Jeder Mensch hat eine Aufgabe

Was auch immer gut geholfen hat – und was ich aus tiefstem Herzen glaube – war das Zitat von Papst Franziskus, dass jeder Mensch eine Aufgabe hat. Jeder und immer. Auch mein Grossvater hatte noch eine Aufgabe, auch wenn er sie selbst nicht sehen konnte.

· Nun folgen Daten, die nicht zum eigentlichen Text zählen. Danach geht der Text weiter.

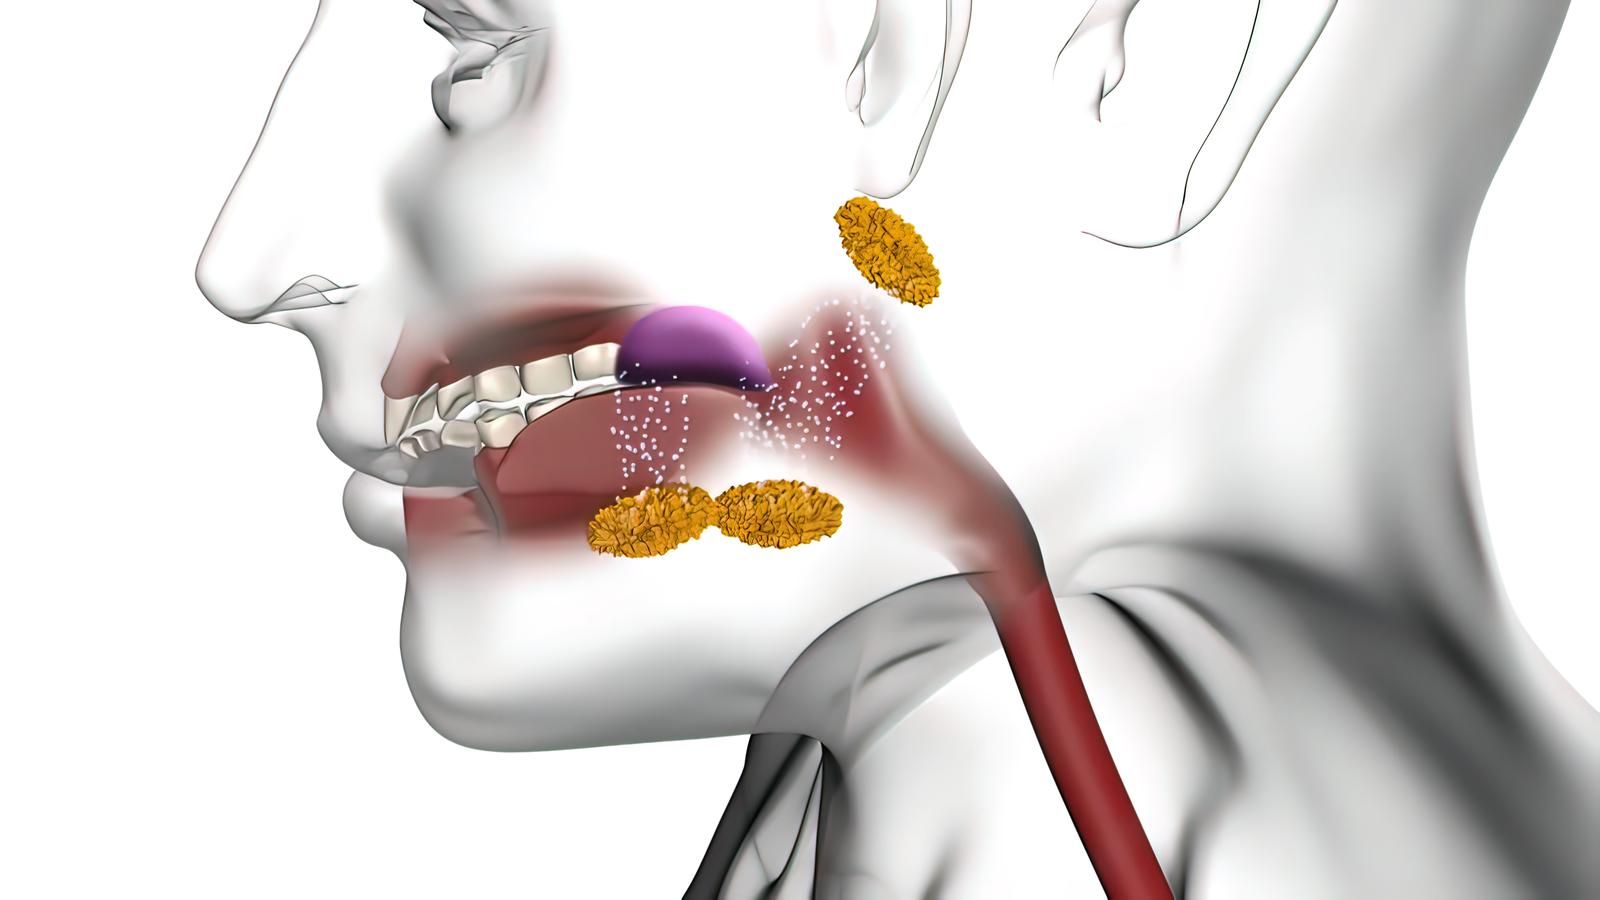 3D illustration of Salivary Glands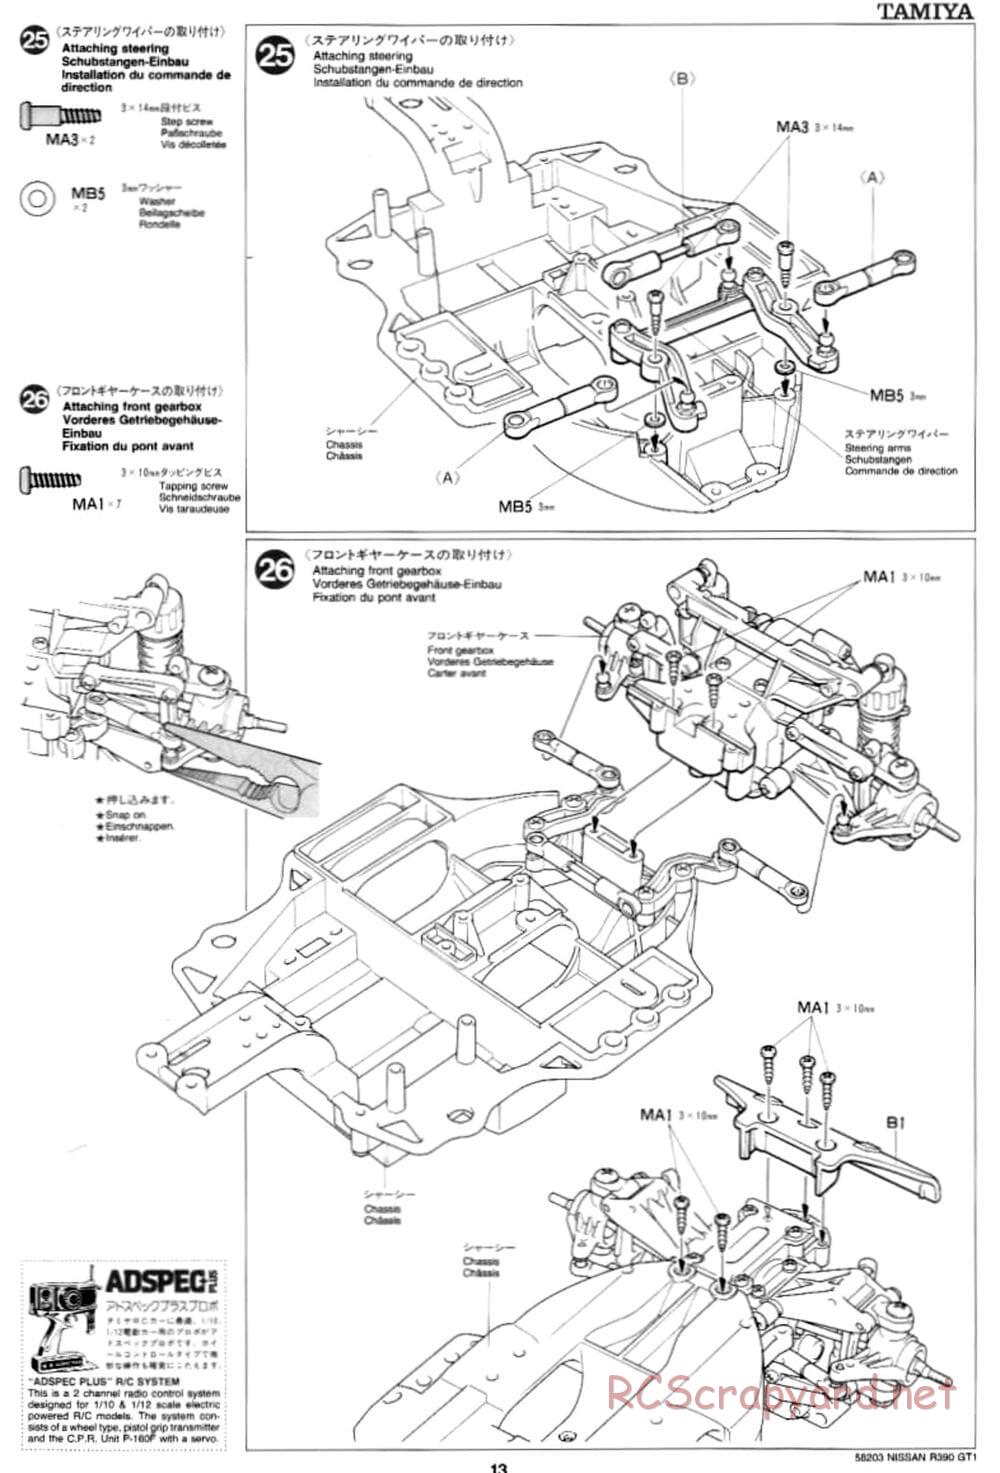 Tamiya - Nissan R390 GT1 - TA-03R Chassis - Manual - Page 13

Wir machen oft den Fehler zu glauben, dass nur das Geben wertvoll ist. «Geben ist seliger als nehmen» –  dabei vergessen wir, dass das auch bedeutet, dass wir jemandem etwas Gutes tun, wenn wir ihn geben lassen. Ein Mensch, der nichts annehmen will, beraubte sich selbst der Möglichkeit zu geben. Im Umgang mit älteren Menschen – ob sie Demenz haben oder nicht – lernen wir auch, was uns selbst erwartet. Wir lernen Empathie und vielleicht, was wir alles noch tun sollten, solange wir können.

Bis zum Schluss

Mein Grossvater kämpfte bis zum Schluss mit dem Gedanken, dass er nichts mehr nütze. Erst auf seinem Sterbebett hat er sich damit versöhnt und stellte sich der Aufgabe, die eben auch ein Sterbender noch hat: Uns Liebe geben und Dankbarkeit zeigen zu lassen. Auch er sagte uns mit letzter Kraft noch «Danke» – mit einer Geste, denn sprechen konnte er bereits nicht mehr. Und er liess unsere Hände nicht mehr los und drückte sie fester, wenn wir sagten, dass wir nun gehen würden. Was wir nicht sagten, weil wir gehen wollten, sondern aus Respekt, weil er uns ansonsten jeweils weggeschickt hatte, wenn er müde wurde. Er wollte uns möglichst nicht belasten. Es war auf eine ganz eigene Art wunderschön, dass er am Ende seines Lebens diese Wand herunter liess und uns als Familie gemeinsam durch diese Zeit gehen liess. Jede und jeder konnte auf seine Art teilhaben – und gehen, wann er oder sie es wollte, und nicht aus Unsicherheit, ob er nicht lieber alleine wäre.

Hoffnung schenken

Hoffnung ist nicht etwas, das wir einfach haben oder nicht. Es ist etwas, das wir einander schenken können. Vielleicht können wir den älteren Menschen in unserem Leben heute etwas Liebes sagen. Denn manchmal braucht es nur unsere Worte, um die Hoffnung wieder zum Leben zu erwecken.

Der Wert eines Menschen liegt nicht in seiner Leistung oder Unabhängigkeit. Er liegt in seinem Sein.